A little more detail.
f_s(l) is the PDF, and has been normalized on [0,n).
Now you integrate it to form the CDF
g_s(l') = \int_0^{l'} dl f_s(l)
Note that this is a definite integral to an unspecified endpoint which I have called l'. The CDF is accordingly a function of l'. Assuming we have the normalization right, g_s(N) = 1.0. If this is not so we apply a simple coefficient to fix it.
Next invert the CDF and call the result G^{-1}(x). For this you'll probably want to choose a particular value of gamma.
Then throw uniform random number on [0,n), and use those as the argument, x, to G^{-1}. The result should lie between [0,1), and should be distributed according to f_s.
Like Justin said, you can use a computer algebra system for the math.
dmckee is actually correct, but I thought that I would elaborate more and try to explain away some of the confusion here. I could definitely fail. f_s(l), the function you have in your pretty formula above, is the probability distribution function. It tells you, for a given input l between 0 and n, the probability that l is the segment length. The sum (integral) for all values between 0 and n should be equal to 1.
The graph at the top of page 7 confuses this point. It plots l vs. f_s(l), but you have to watch out for the stray factors it puts on the side. You notice that the values on the bottom go from 0 to 1, but there is a factor of x n on the side, which means that the l values actually go from 0 to n. Also, on the y-axis there is a x 1/n which means these values don't actually go up to about 3, they go to 3/n.

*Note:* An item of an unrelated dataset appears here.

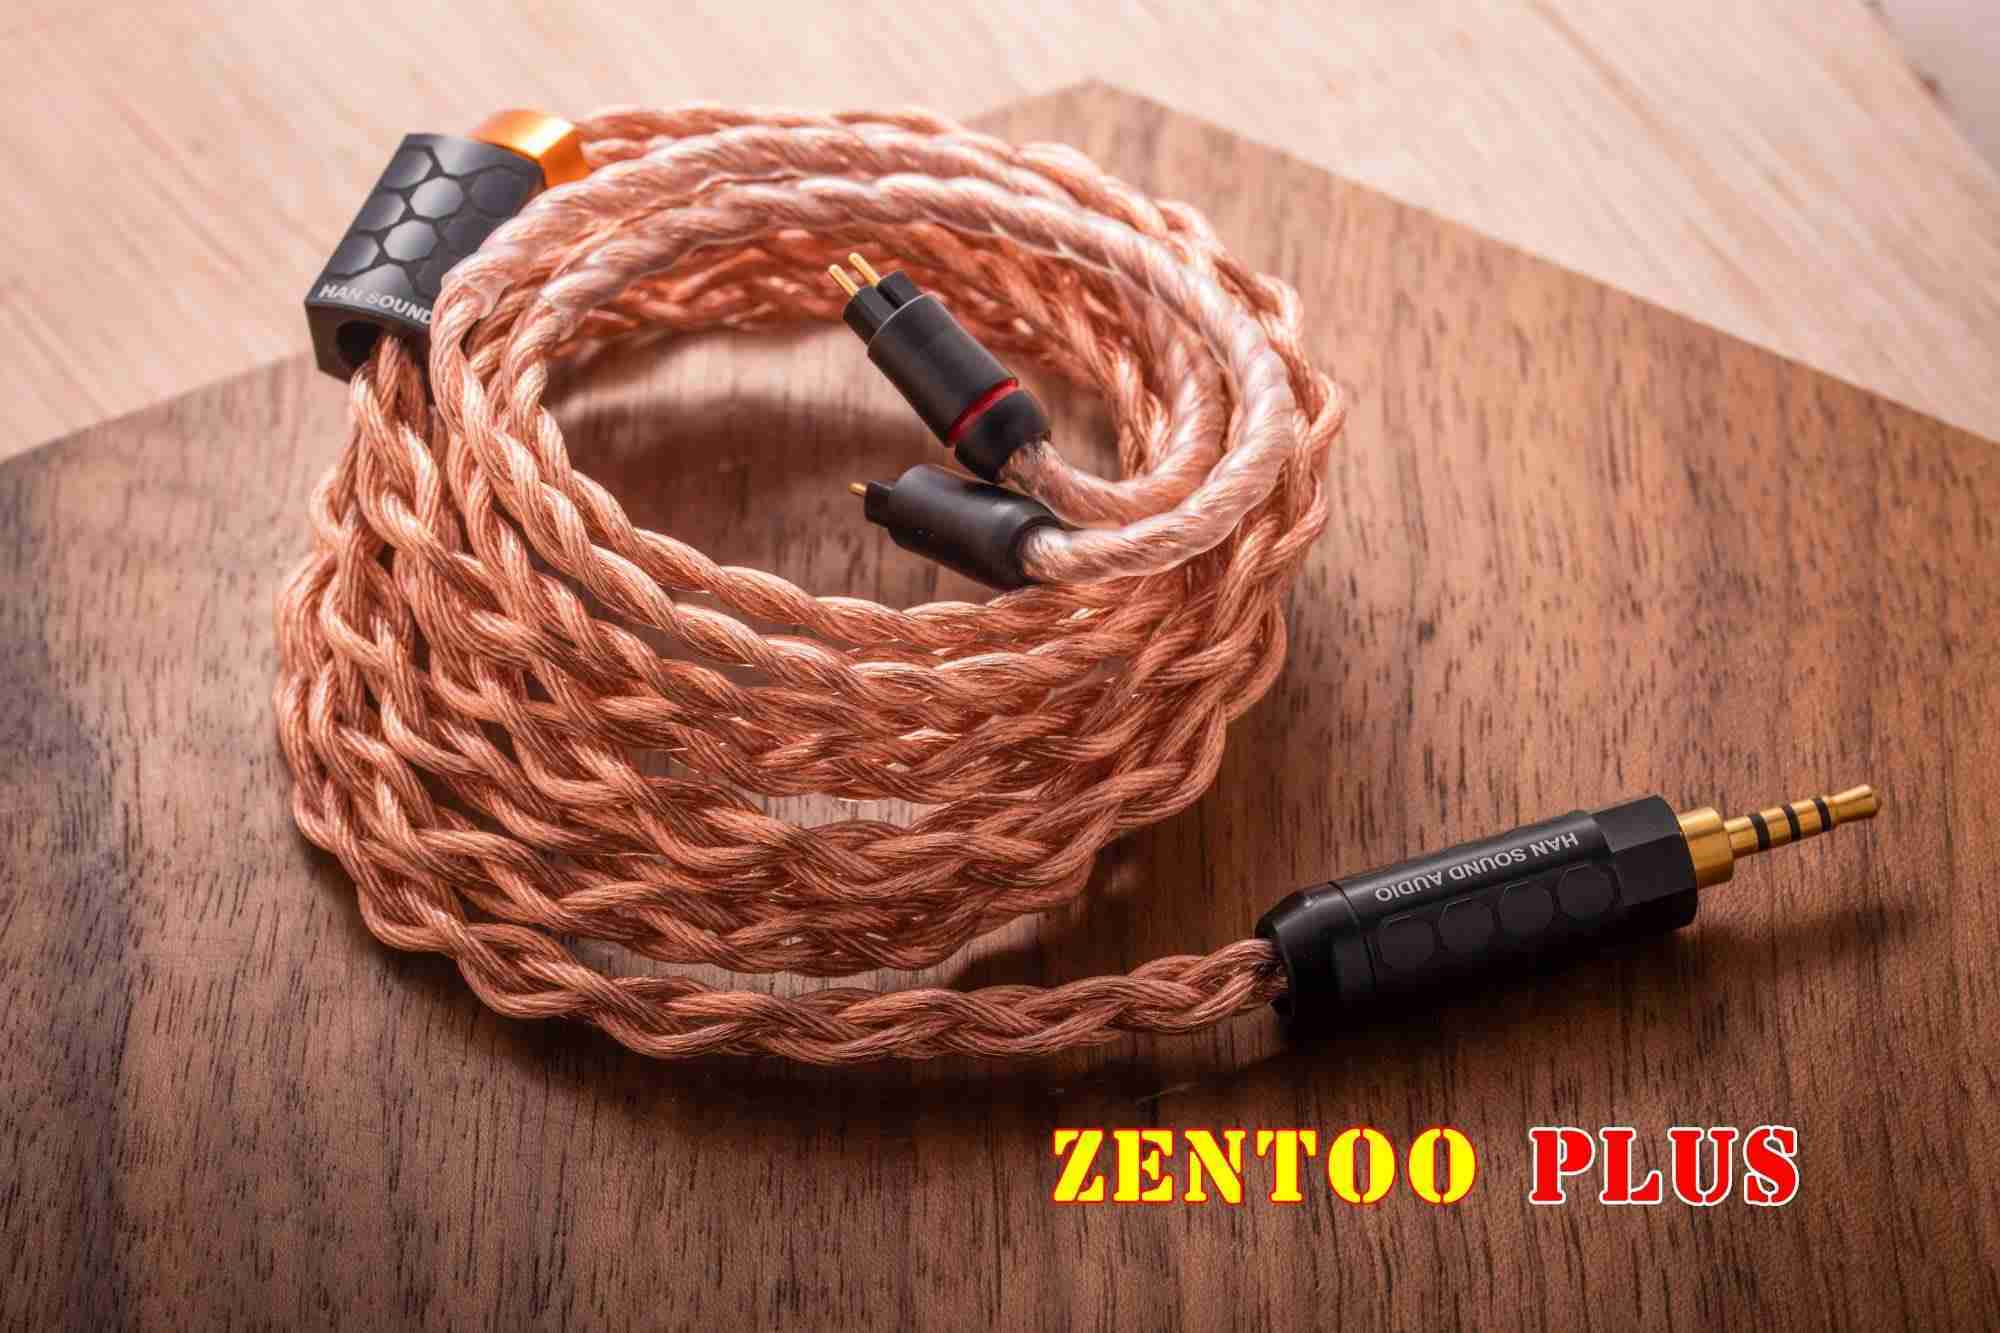 漢聲 Han Sound Zentoo Plus Zen 耳機升級線 | My Ear 耳機專門店

So what do you do now? Well, you need to solve for the cumulative distribution function by integrating the probability distribution function over l which actually turns out to be not too bad (I did it with the Wolfram Mathematica Online Integrator by using x for l and using only the equation for y <= .5). That however was using an indefinite integral and you are really integration along x from 0 to l. If we set the resulting equation equal to some variable (z for instance), the goal now is to solve for l as a function of z. z here is a random number between 0 and 1. You can try using a symbolic solver for this part if you would like (I would). Then you have not only achieved your goal of being able to pick random ls from this distribution, you have also achieved nirvana.
A little more work done
I'll help a little bit more. I tried doing what I said about for y <= .5, but the symbolic algebra system I was using wasn't able to do the inversion (some other system might be able to). However, then I decided to try using the equation for .5 < y <= 1. This turns out to be much easier. If I change l to x in f_s(l) I get
y / n / (1 - y) * (x / n)^((2 * y - 1) / (1 - y))
Integrating this over x from 0 to l I got (using Mathematica's Online Integrator):
(l / n)^(y / (1 - y))
It doesn't get much nicer than that with this sort of thing. If I set this equal to z and solve for l I get:
l = n * z^(1 / y - 1) for .5 < y <= 1
One quick check is for y = 1. In this case, we get l = n no matter what z is. So far so good. Now, you just generate z (a random number between 0 and 1) and you get an l that is distributed as you desired for .5 < y <= 1. But wait, looking at the graph on page 7 you notice that the probability distribution function is symmetric. That means that we can use the above result to find the value for 0 < y <= .5. We just change l -> n-l and y -> 1-y and get
n - l = n * z^(1 / (1 - y) - 1)
l = n * (1 - z^(1 / (1 - y) - 1)) for 0 < y <= .5
Anyway, that should solve your problem unless I made some error somewhere. Good luck.
Given that for any values l, y, n as described, the terms you call p1 and p2 are both in [0,1) and exp is in [1,..) making pow(p2, exp) also in [0,1) thus I don't see how you'd ever get an output with the range [0,n)

Normalizing from [0.5 - 1] to [0 - 1]

I'm kind of stuck here, I guess it's a bit of a brain teaser. If I have numbers in the range between 0.5 to 1 how can I normalize it to be between 0 to 1?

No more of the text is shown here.